**Exercise**. What you return must match the data below exactly, minus any pictures.

**The data**.
__________
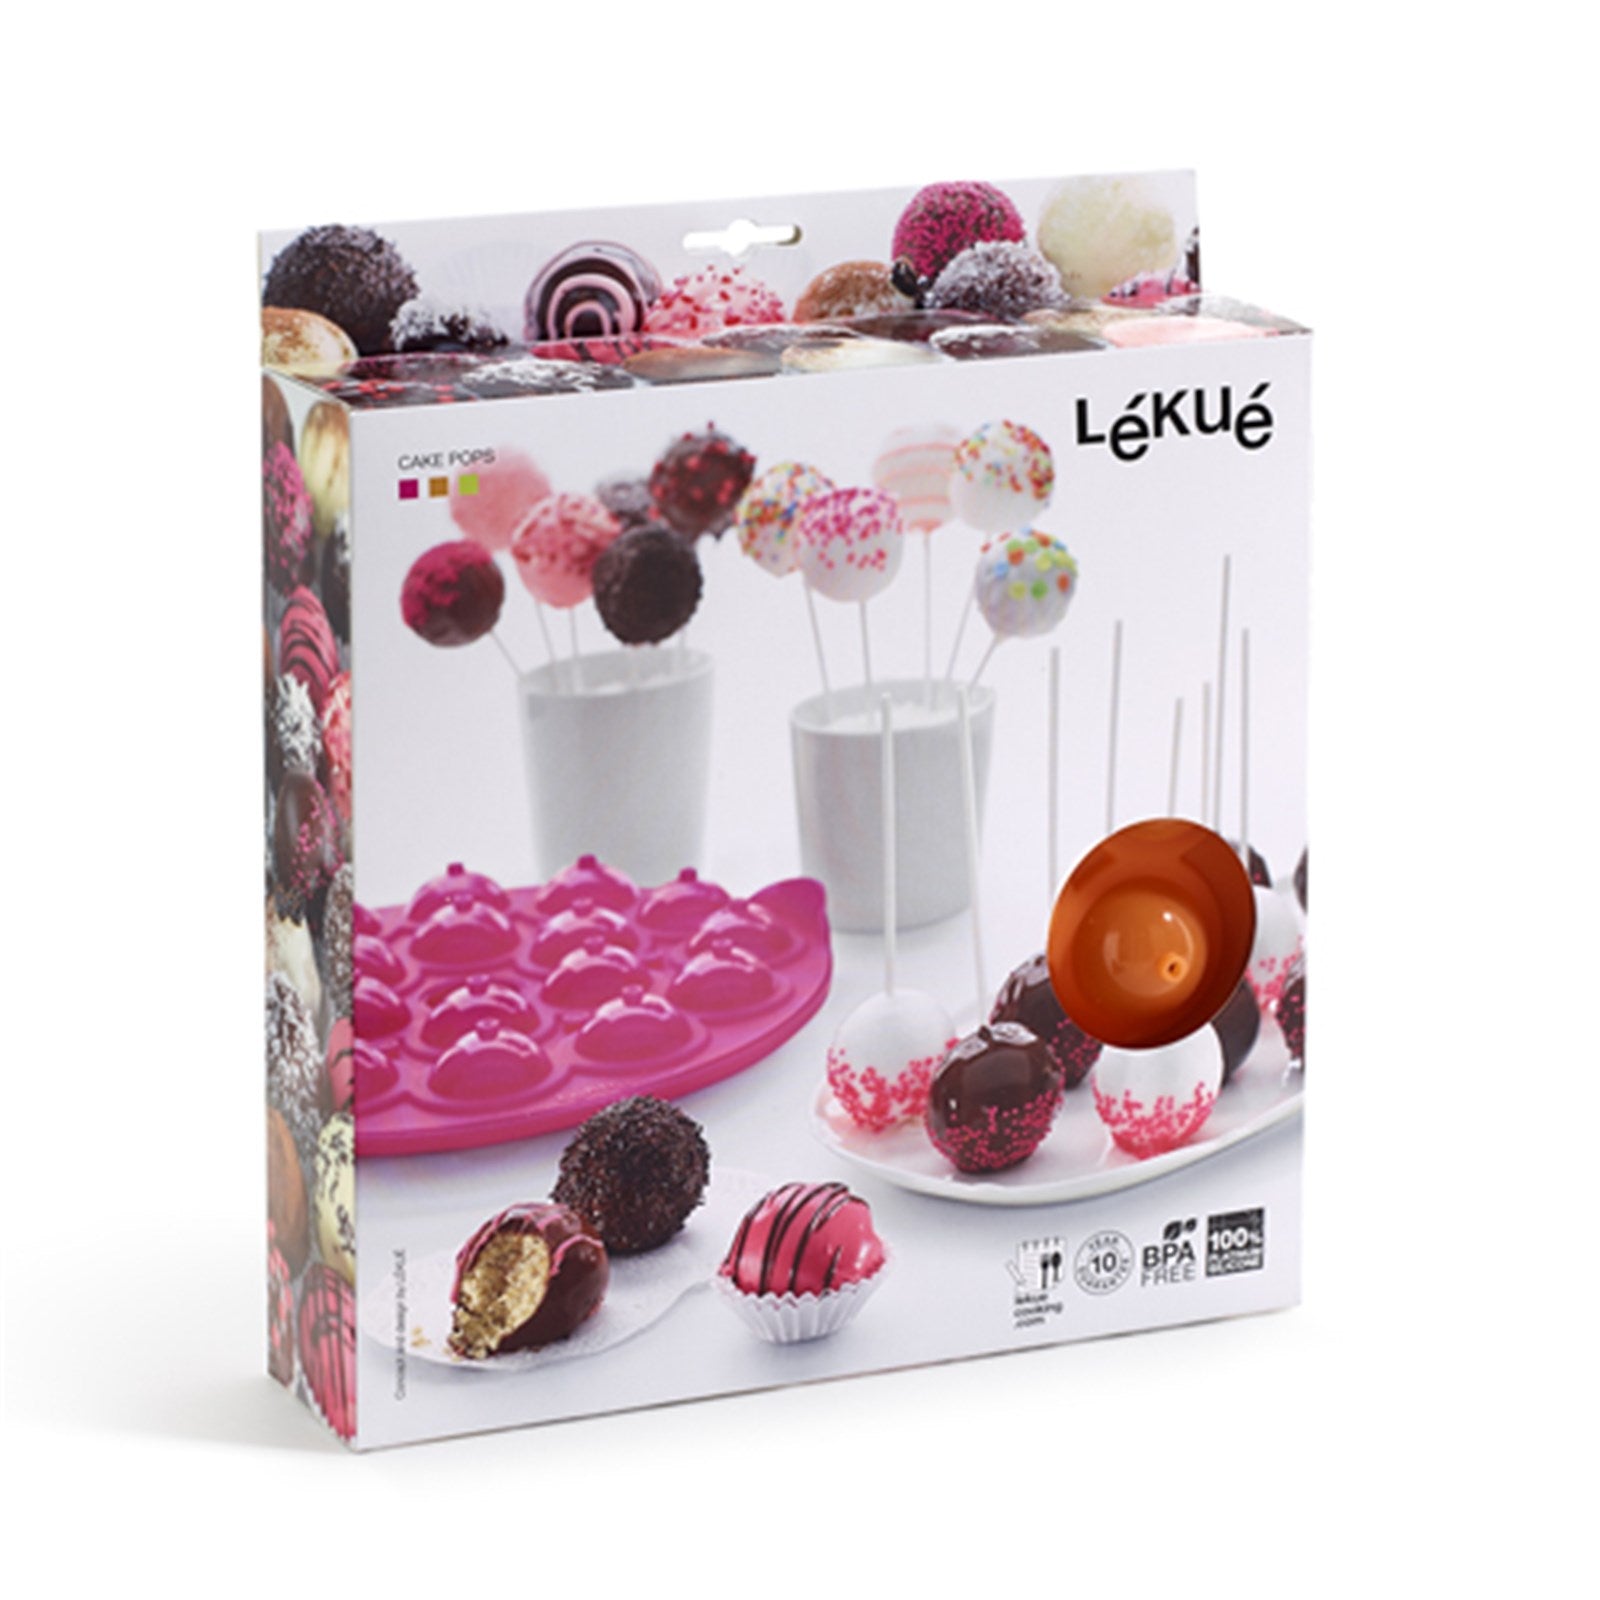 Backform Pop Cakes für 18 Stk. pink, Ø25 cm mit 20 Sticks in Pink präsentiert im Onlineshop von KAQTU Design AG. Backen ist von Lékué
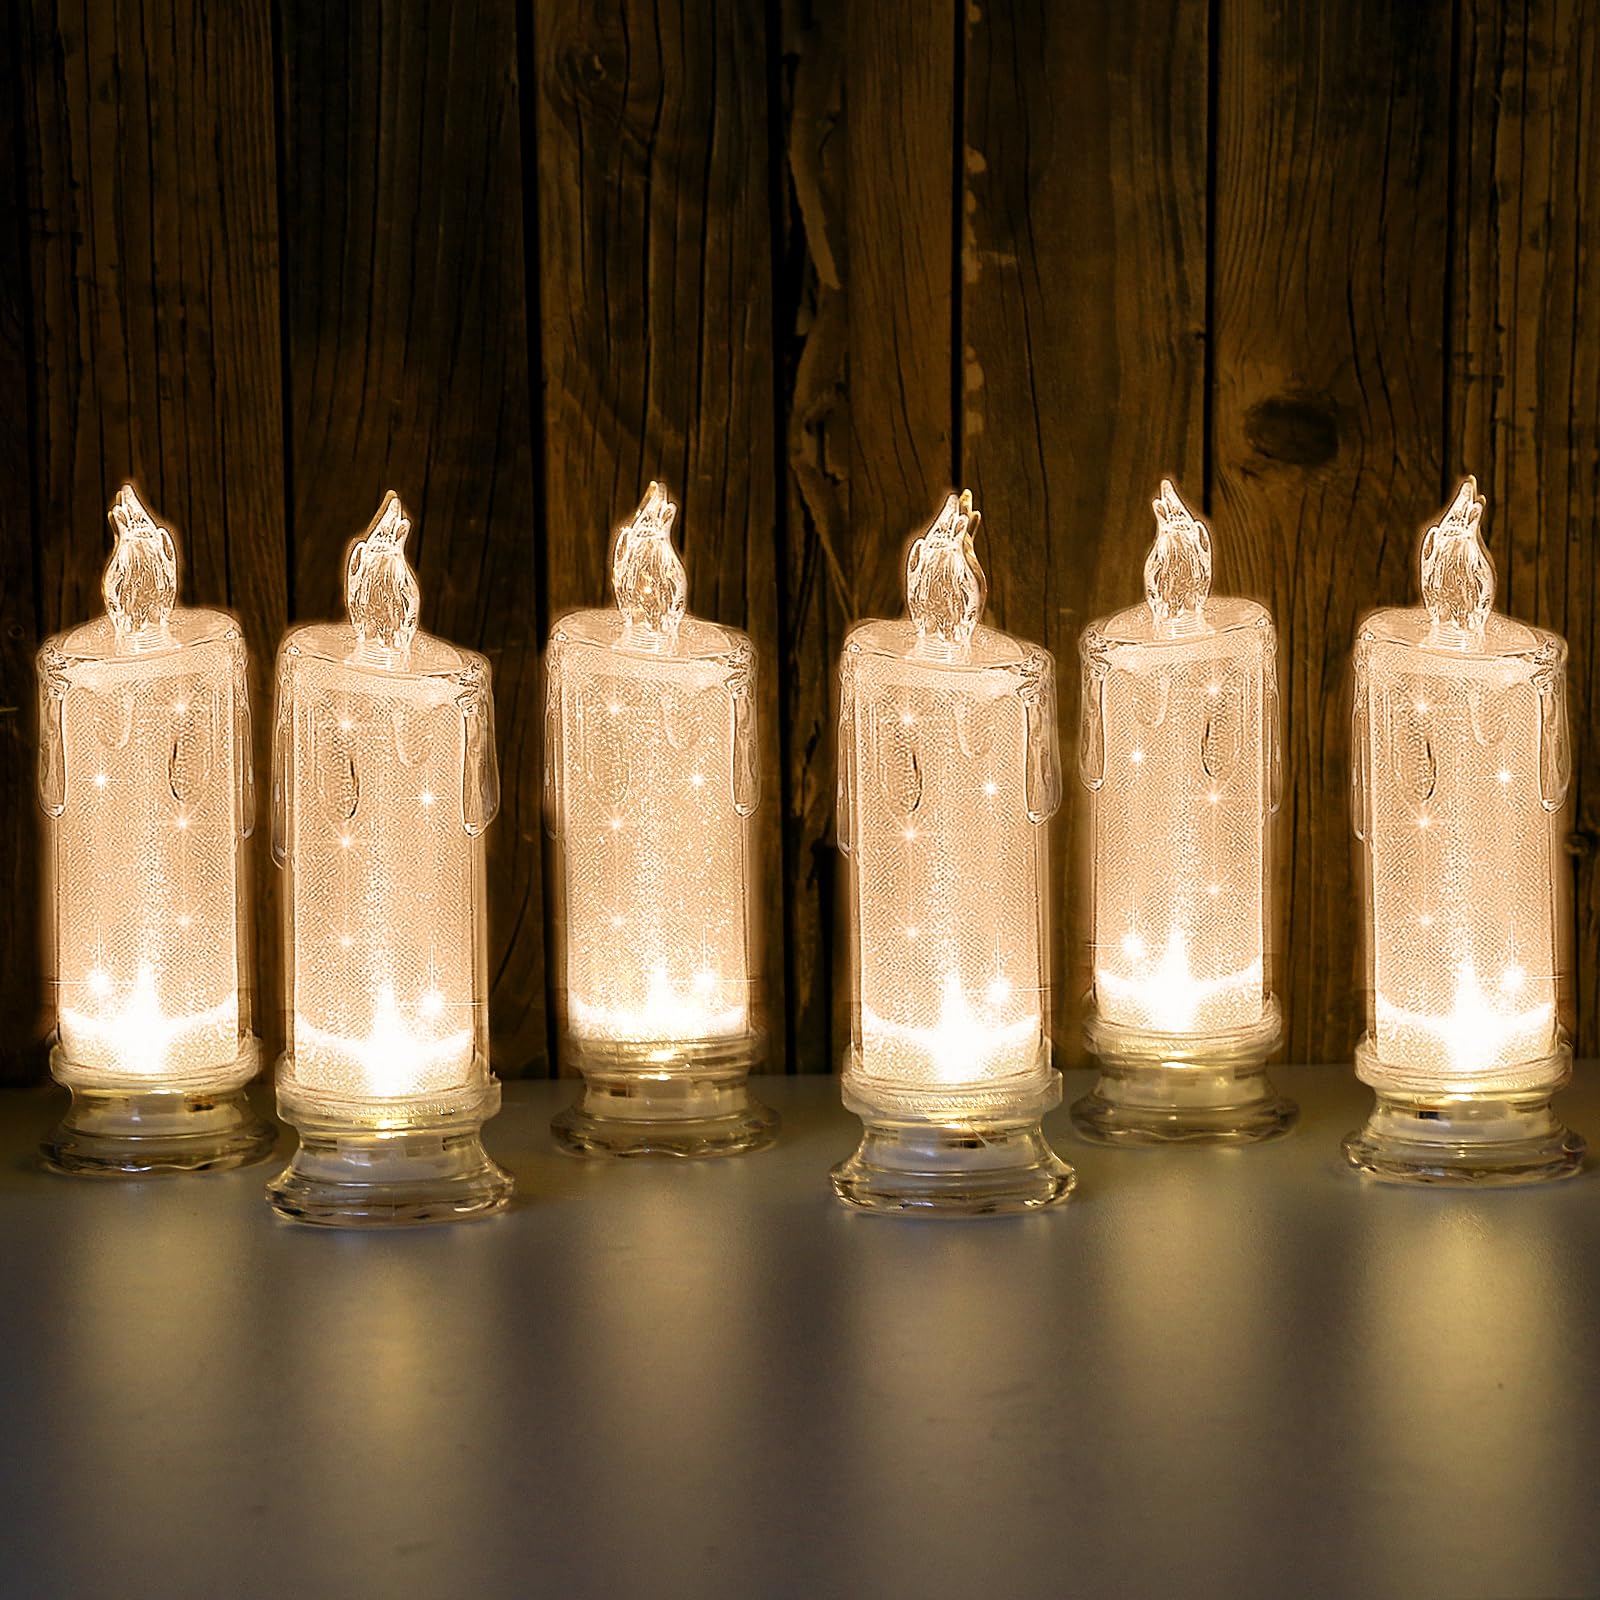 LACGO Flammenlose LED-Kerzen – flackernde dekorative Stumpenkerzen, batteriebetriebene Kerzen mit warmweißem Licht für Weihnachten, Hochzeit, Geburtstag, Valentinstag, Muttertag, Geschenk, 6 Stück
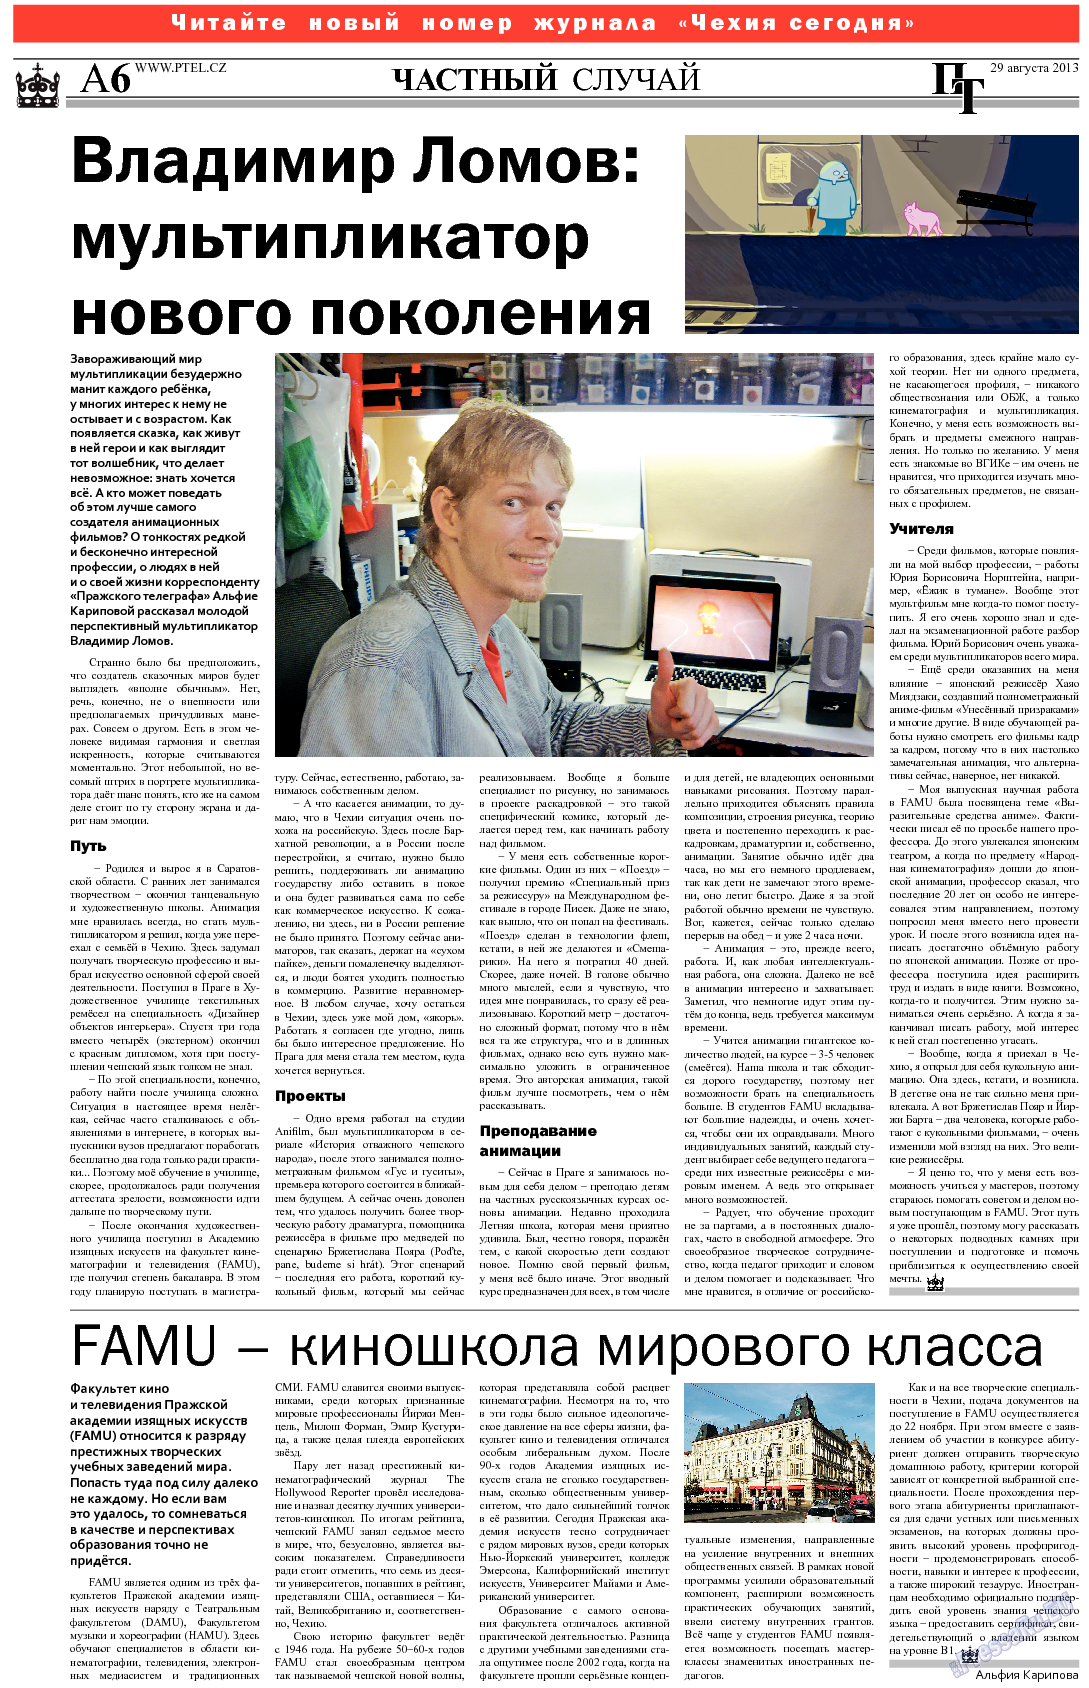 Пражский телеграф (газета). 2013 год, номер 34, стр. 6
__________
**Solved problem**.
 Backform Pop Cakes für 18 Stk. pink, Ø25 cm mit 20 Sticks in Pink präsentiert im Onlineshop von KAQTU Design AG. Backen ist von Lékué
 LACGO Flammenlose LED-Kerzen – flackernde dekorative Stumpenkerzen, batteriebetriebene Kerzen mit warmweißem Licht für Weihnachten, Hochzeit, Geburtstag, Valentinstag, Muttertag, Geschenk, 6 Stück
 Пражский телеграф (газета). 2013 год, номер 34, стр. 6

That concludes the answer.